> _Data extract_:
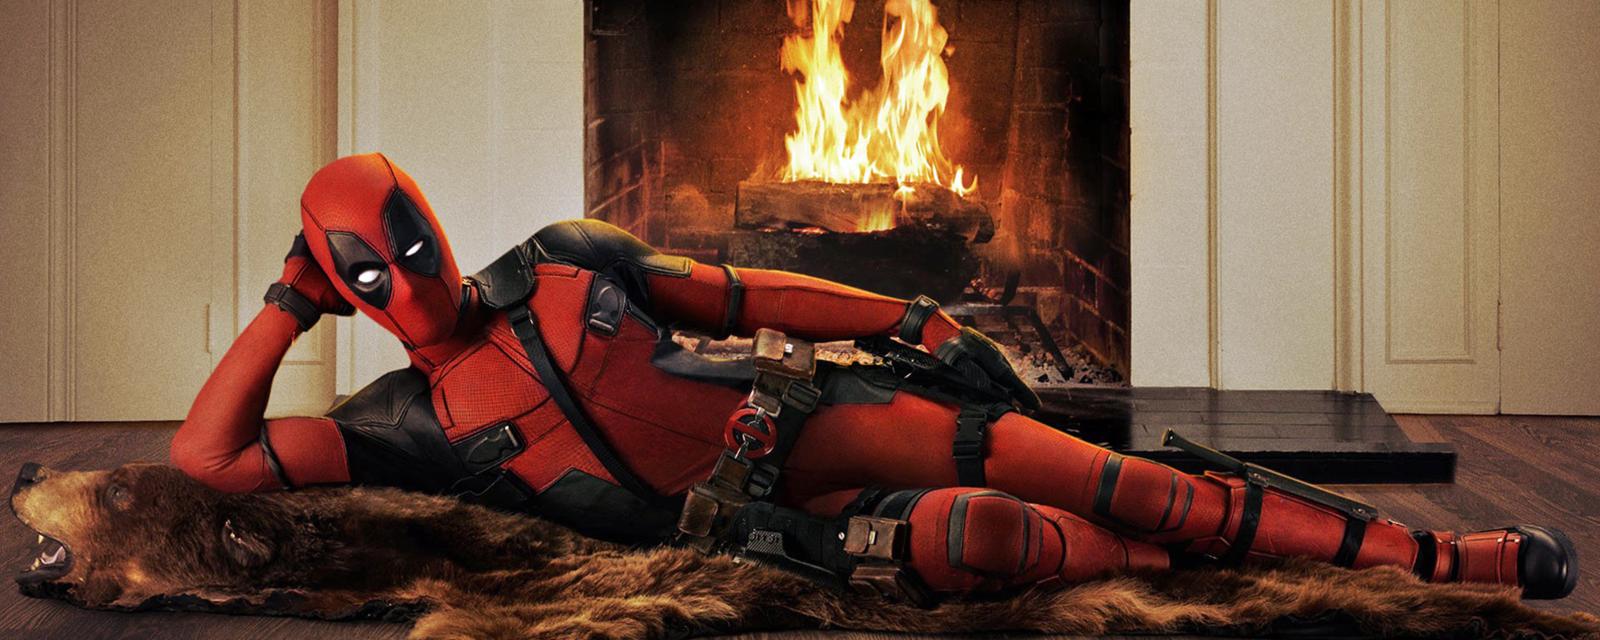 Film rewiew : Deadpool is a superhero movie for adults only
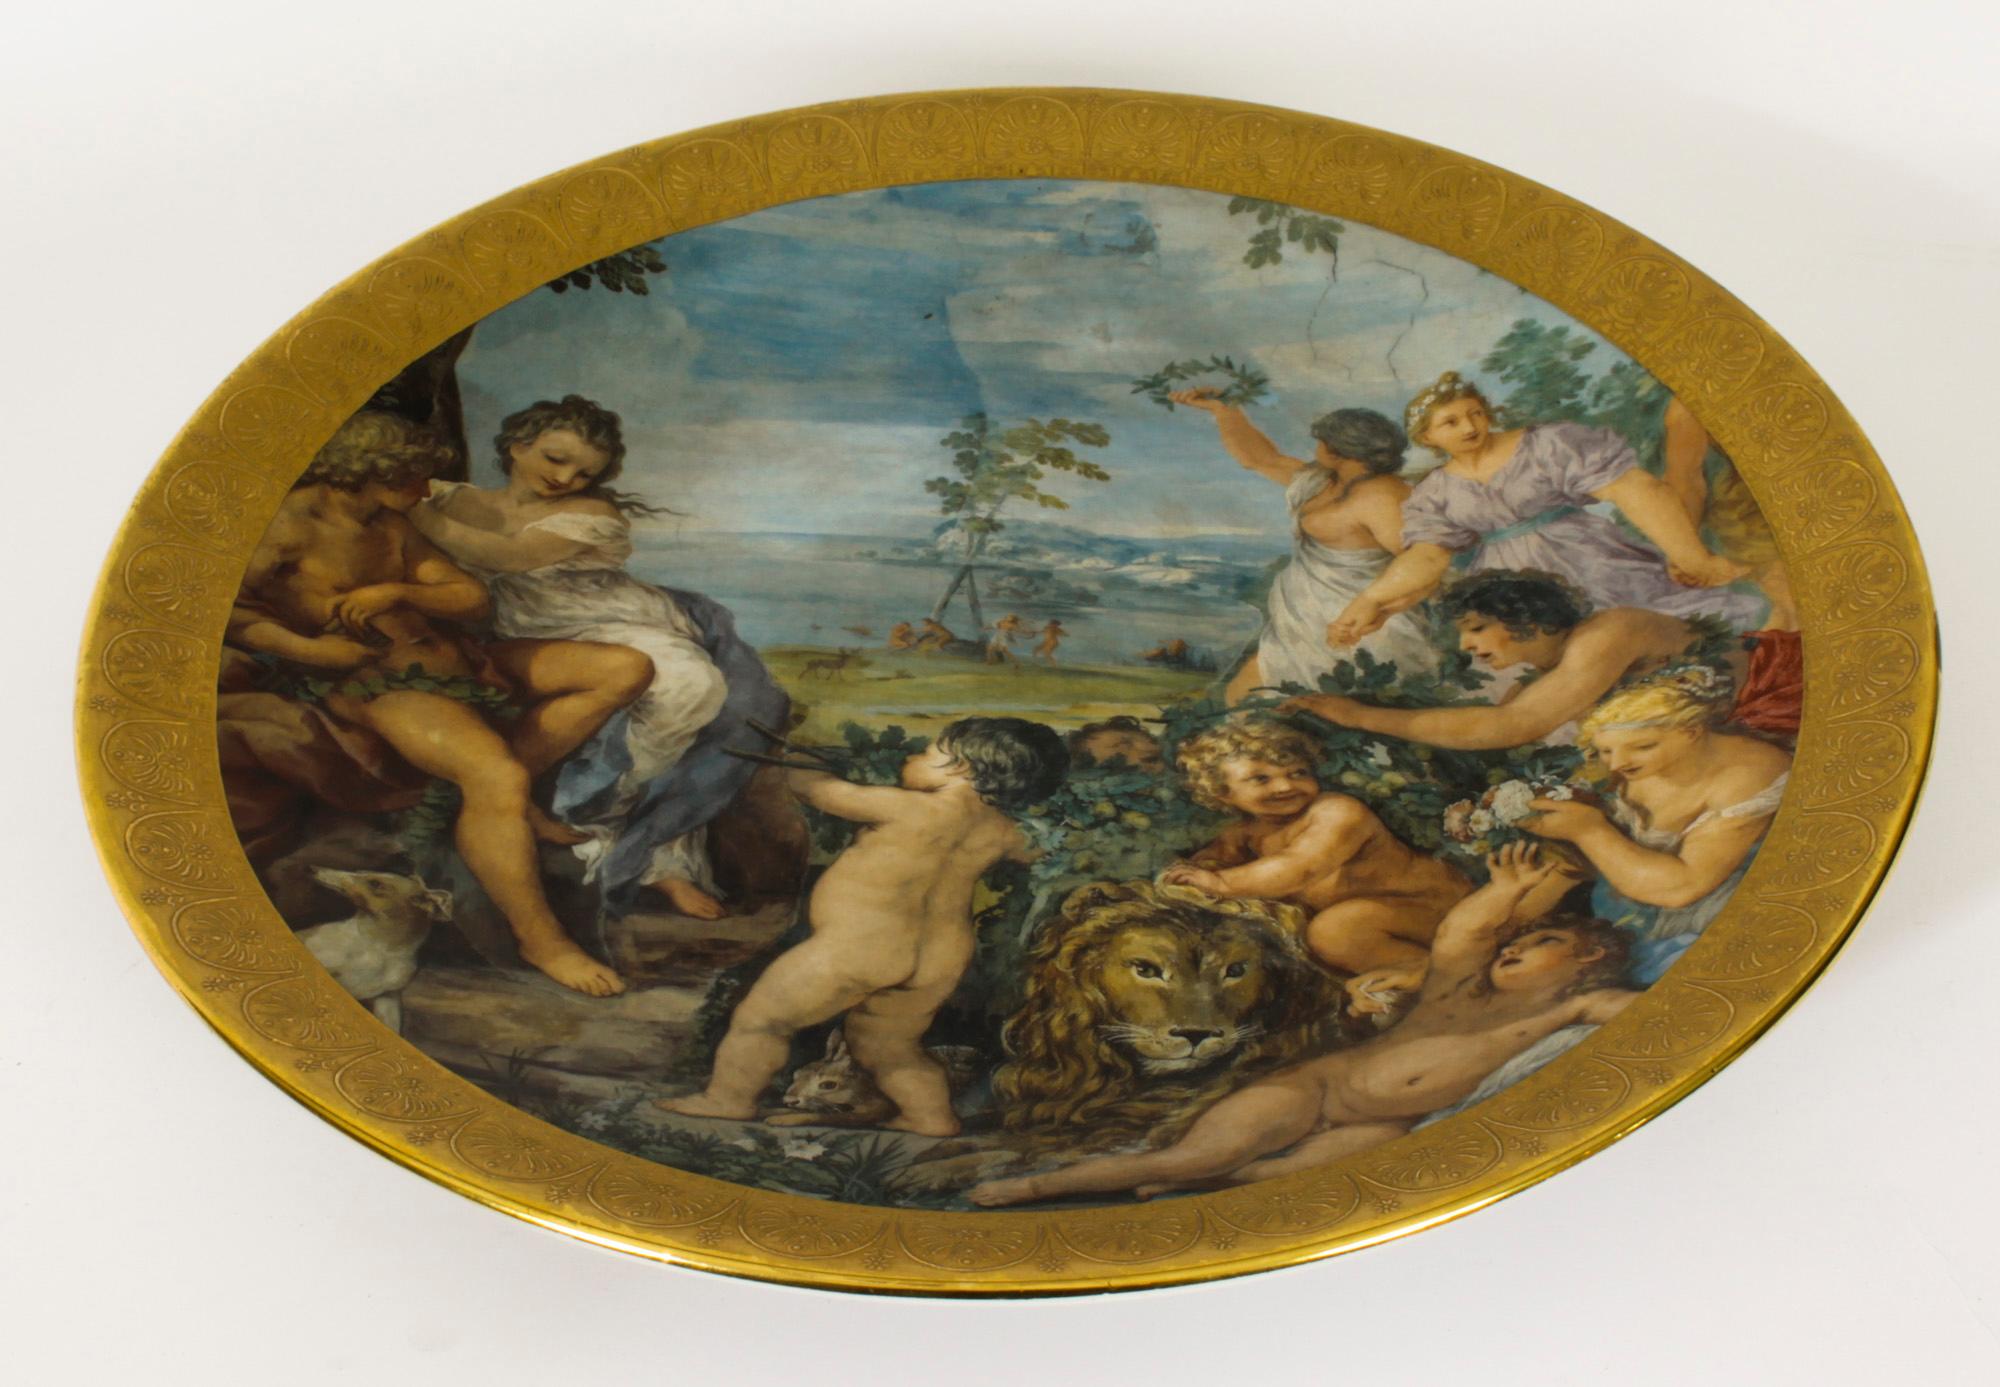 This is a beautiful huge vintage Italian porcelain charger, Circa 1950 in date.

This colourful and decorative scene depicts a group of maidens and care free cherubs with a lion set within a gilded embossed border.

The charger rests upon a

> _Activity_: Repeat the data above in full and exactly. Omit every image.

> _Solution to this exercise_:
 Film rewiew : Deadpool is a superhero movie for adults only
 This is a beautiful huge vintage Italian porcelain charger, Circa 1950 in date.

This colourful and decorative scene depicts a group of maidens and care free cherubs with a lion set within a gilded embossed border.

The charger rests upon a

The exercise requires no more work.